At the headlights. Well behind them I should say, follow the plow wiring to the front of the truck


----------



## Horvath2015 (Oct 24, 2015)

I am not sure what you are talking about. I know where the factory wiring harness is for the headlites on the Sierra.. I am not sure where to plug them back into to make the headlites on the Sierra work again.

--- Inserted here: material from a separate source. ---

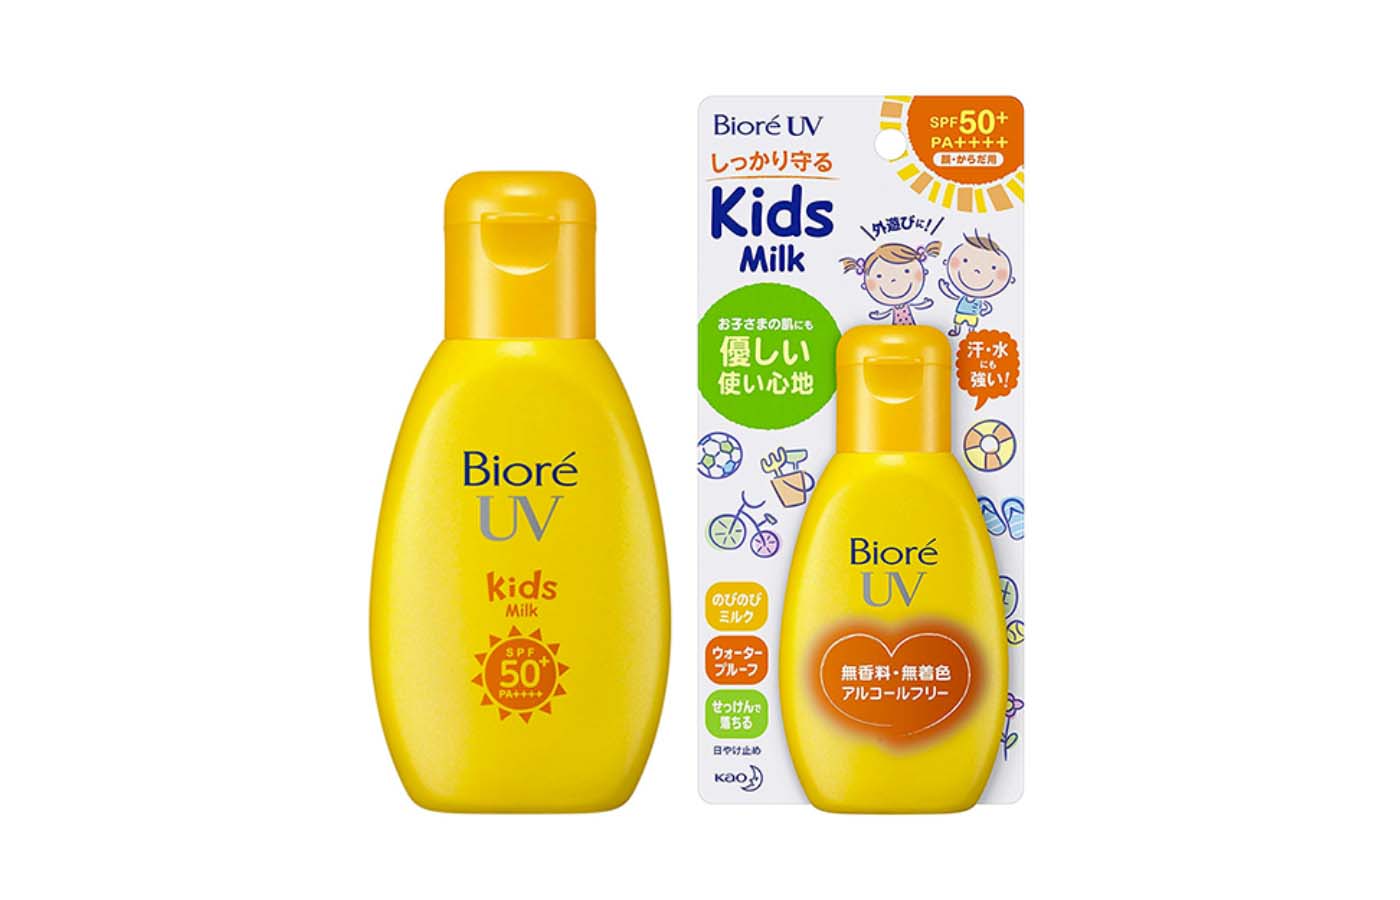 Sữa chống nắng Biore UV Kids Milk dịu nhẹ cho trẻ

After i remove them from the Isolation module on the fisher wiring harness, the head lites no longer work are as the wiring harness has to be put back to its stock position.


----------



## dieselss (Jan 3, 2008)

Look behind your headlights. That's where the plow wiring hooks up. Factory plugs plug into the plow wiring, then the plow wiring plugs into the trucks headlights. 
Again, did you follow the plow wiring down to the truck lights?


----------



## Horvath2015 (Oct 24, 2015)

The wires behind that are attached to the headlites went to port 3 and 4 on the isolation module. When I unplugged them they stopped working..

THere are no addition wires or plugs behind the lights.

All the plow wires are show below, now i have two plugs on the truck i have no idea where to plug into to get the headlites to work again.

thanks


----------



## dieselss (Jan 3, 2008)

Those 2 plugs plug into the headlights.
Or should. They should be right by the headlights.


----------



## Horvath2015 (Oct 24, 2015)

your awesome.. i see what you mean,,

THANK YOU !


----------



## Horvath2015 (Oct 24, 2015)

Wonder if you could help with this issue...

I installed everything from the 2002 Sierra into the 2005 Yukon... When I hook up the light wiring harnesses and turn the lights on all 4 headlights on the Yukon light up.. Meaning both low beam.. and both High beam at the same time.... It doesn't change when I hit the dimmer switch.

Kind Regards


----------



## Lb7 (Oct 3, 2015)

double check your wiring behind your headlights sounds like you have low beam and high beam connectors switched on one side or the other. happen to me before installing a couple plows.


----------



## Horvath2015 (Oct 24, 2015)

I checked the plugins behind the headlights.. All are good.. On the short side there are 3 separate wires... Pink.. Purple.. Brown.. Trying to figure where those splice into... On the long side just had a purple to splice..my guess.. Turn signal


----------



## dieselss (Jan 3, 2008)

Purple is turn, Brown is parking, and I believe without looking it up, pink is drls.
Thought you removed it from the other truck, didn't remember the wires?


----------



## Horvath2015 (Oct 24, 2015)

Yup.. That's how I have it.. And all 4 headlights turn on when I turn the switch on.. Triple checked everything.. Plugs.. Splices.. Etc.. Still no luck


----------



## dieselss (Jan 3, 2008)

If you have the plow headlight plugs orientated the correct way, then your Gunna probably need the drl adapter.
Look at westerns website and you should be able to find the adapter

So you have those 3 wires installed or no?
2 conflicting stories your telling


----------



## Horvath2015 (Oct 24, 2015)

All plugs are correct.. Plus pink is on dl +... purple and Brown on directional on short side... Long side is purple on directional


----------



## dieselss (Jan 3, 2008)

Brown is parking not turn.


----------



## Horvath2015 (Oct 24, 2015)

Sorry my bad.. That's is what it's set at. Just double checked.. And purple is left turn


----------



## Horvath2015 (Oct 24, 2015)

Any other thoughts as to why all 4 headlights turn on? I am at a loss 

Triple checked everything


----------



## dieselss (Jan 3, 2008)

Ok. Then look up the wiring for the drls


----------



## Horvath2015 (Oct 24, 2015)

Day time. Running lights are spliced to pink. On the positive side on the truck plug


----------



## dieselss (Jan 3, 2008)

Here..
http://library.westernplows.com/doc...ename=22373.07_110108_for_Web.pdf&doctype=pdf


----------



## Horvath2015 (Oct 24, 2015)

I am wondering if some of these wires that are on there 10 wire plugs that go into port 3 and 4 need to be switch.. Looks real easy to do..


----------



## Horvath2015 (Oct 24, 2015)

While I am trouble shooting I am just going to unplug the high beam bulbs so I can go pick up the plow and drive it home.

I just noticed however the red light on the joystick is not lit when I turn the switch on the side to the on position.

Does that only light up when the plow is plugged into the truck and switch on? Or should I be looking for a loose wire / bad connection before I head out?

Thanks


----------



## dieselss (Jan 3, 2008)

The controller only comes on when the plow is plugged in.


----------



## Horvath2015 (Oct 24, 2015)

OK Thank You


----------